Avengers Forever is awesome. It’s doubly awesome that, while he was writing this, Kurt Busiek was also rebooting The Avengers in their own title.
This comic, unlike that reboot, is one long adventure. And yes, it involves time travel. And yes, it is confusing. And yet, it is great.
Kang (a time-traveller from the future who came into the 616 timeline’s past as Rama Tut) saves Rick Jones, who Kang needs to help defend himself from Immortus, which is a future version of Kang himself.

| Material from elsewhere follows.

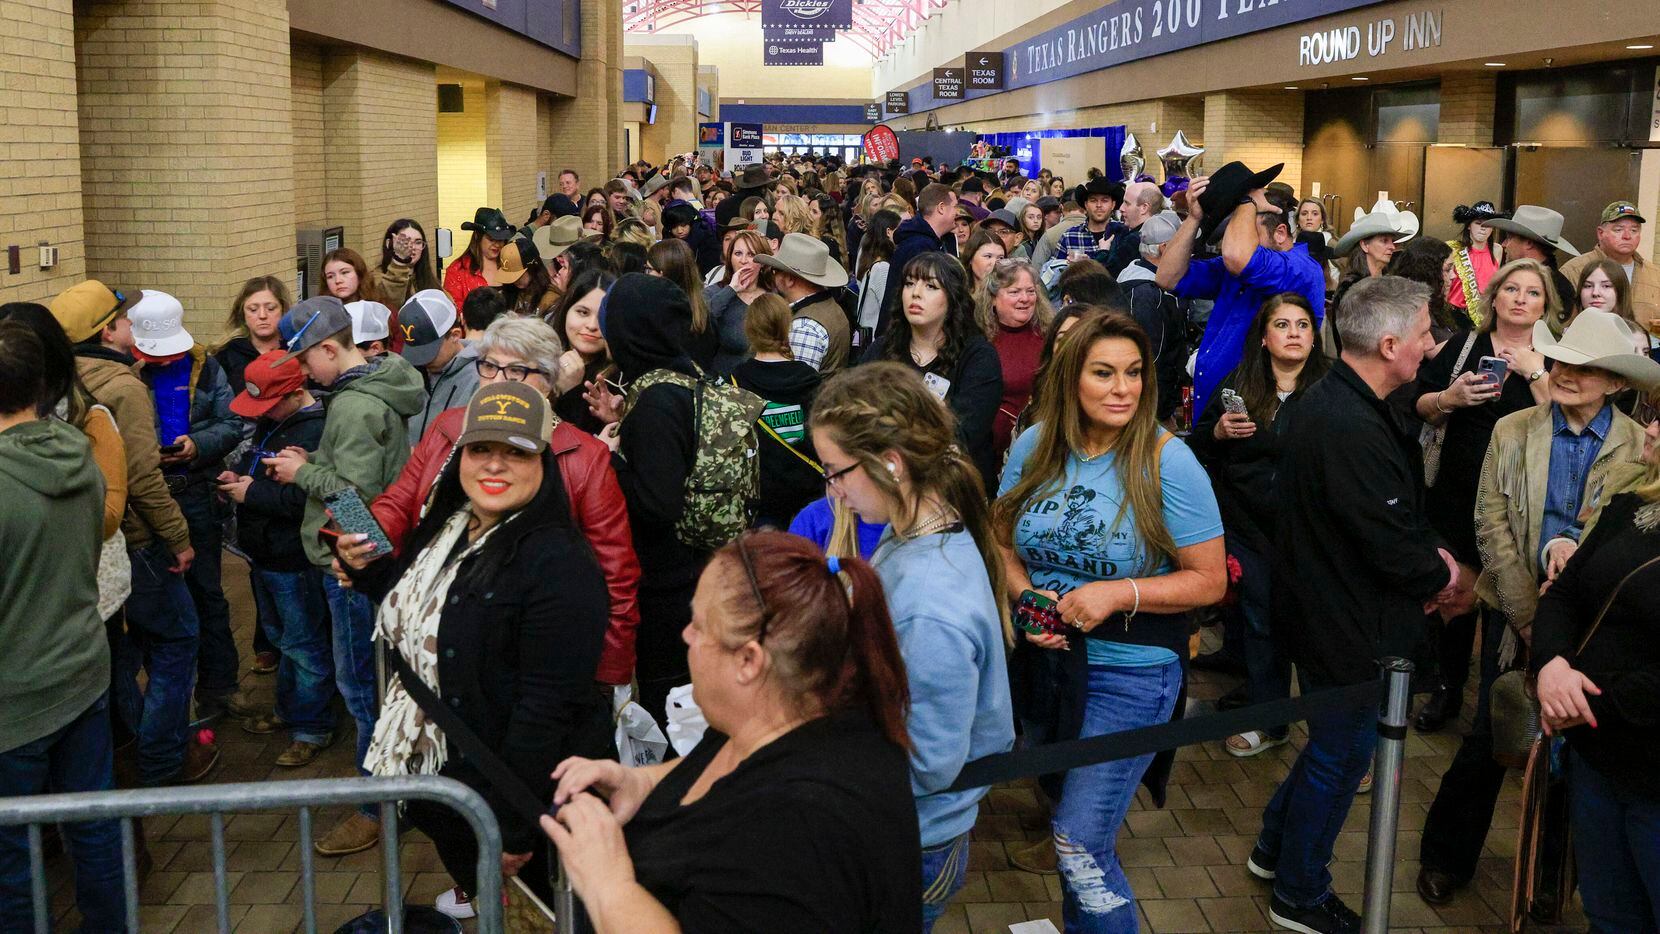 Hundreds of “Yellowstone” fans wait in line for autographs from show creator Taylor Sheridan...

Yes, this story was so complicated it actually had a page of footnotes that appeared at the end of issue #12.
Convinced that Kang can be trusted, Rick then recruits just about everyone from all the various periods of The Avengers’ past–and future. Turns out, he’s got an ongoing association with the Kree Supreme Intelligence.
Who now lives in a tube. I like him better as a floating, disembodied jello head.
With the Supreme Intelligence, Rick pulls cynical Captain America from the Secret Empire/Steve Englehart era. Songbird is pulled from the future, where she is comfortable being a hero. Genis-Vell is pulled in (instead of the good Captain Mar-Vell–oh well).
And so on.
After arriving, the assembled team meets KSI and learns of their mission.
Then, they are sent into action.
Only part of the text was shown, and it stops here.